=== TRY IT ===
Starting at the line below with "Taking advantage of" and stopping at the line with "start. From the", please print each line exactly, those two included, and skip every picture.

=== MATERIAL FOR THIS EXERCISE ===
▬▬▬

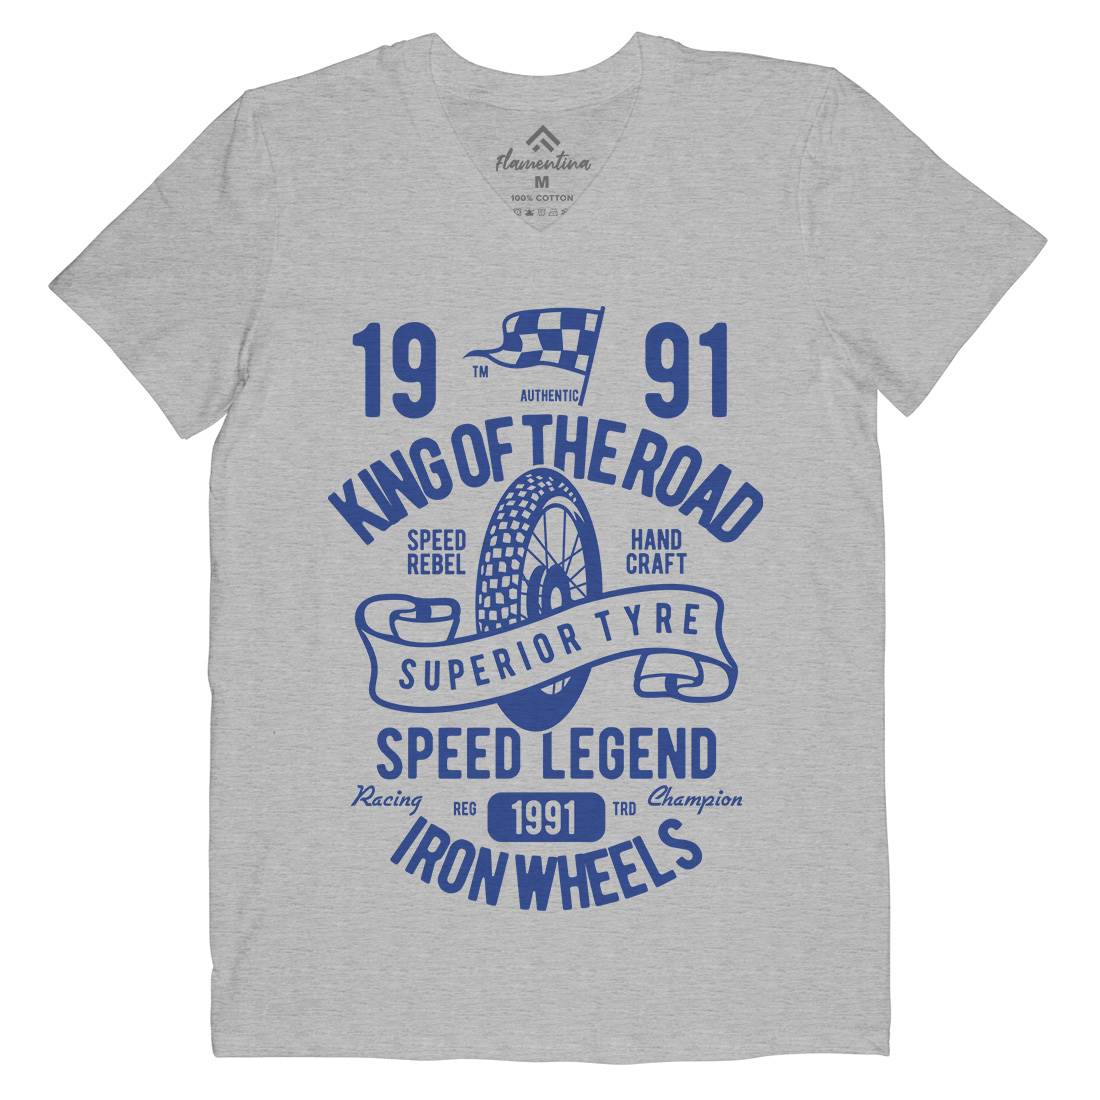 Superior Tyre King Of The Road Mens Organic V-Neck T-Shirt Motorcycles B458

▬▬▬

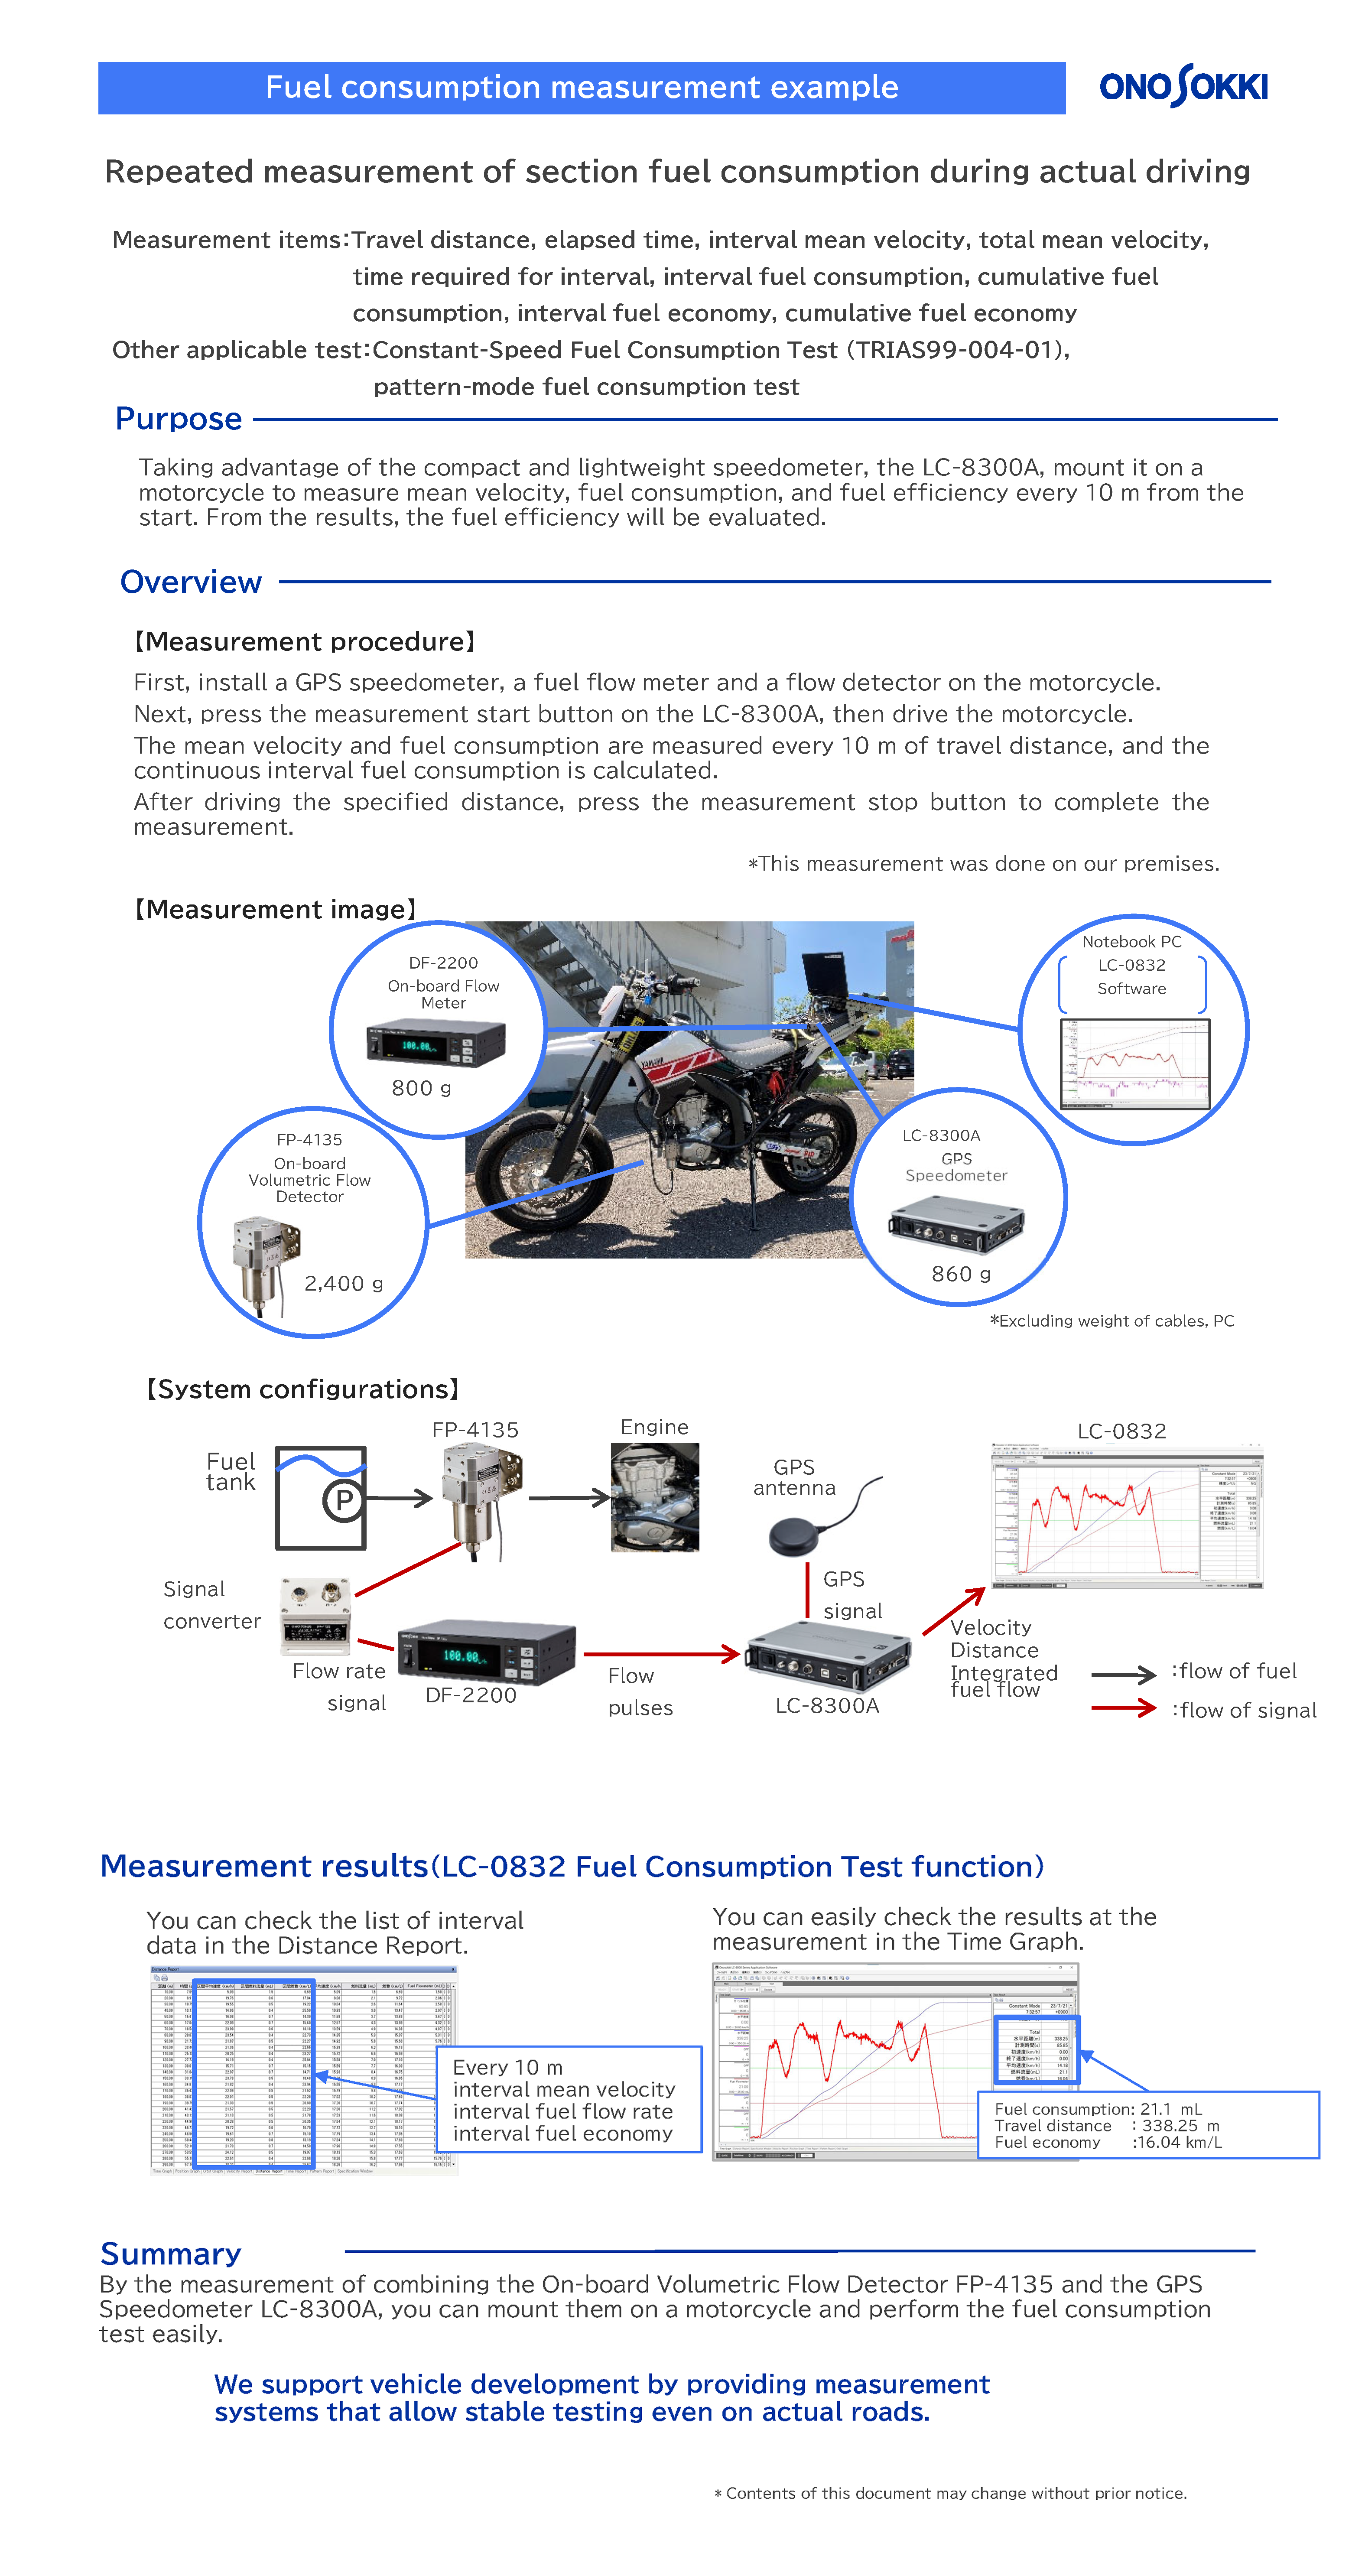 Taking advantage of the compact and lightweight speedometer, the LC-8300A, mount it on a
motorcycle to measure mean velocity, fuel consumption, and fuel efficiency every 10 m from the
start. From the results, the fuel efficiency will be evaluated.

▬▬▬

=== WRITTEN ANSWER ===
 Taking advantage of the compact and lightweight speedometer, the LC-8300A, mount it on a
motorcycle to measure mean velocity, fuel consumption, and fuel efficiency every 10 m from the
start. From the results, the fuel efficiency will be evaluated.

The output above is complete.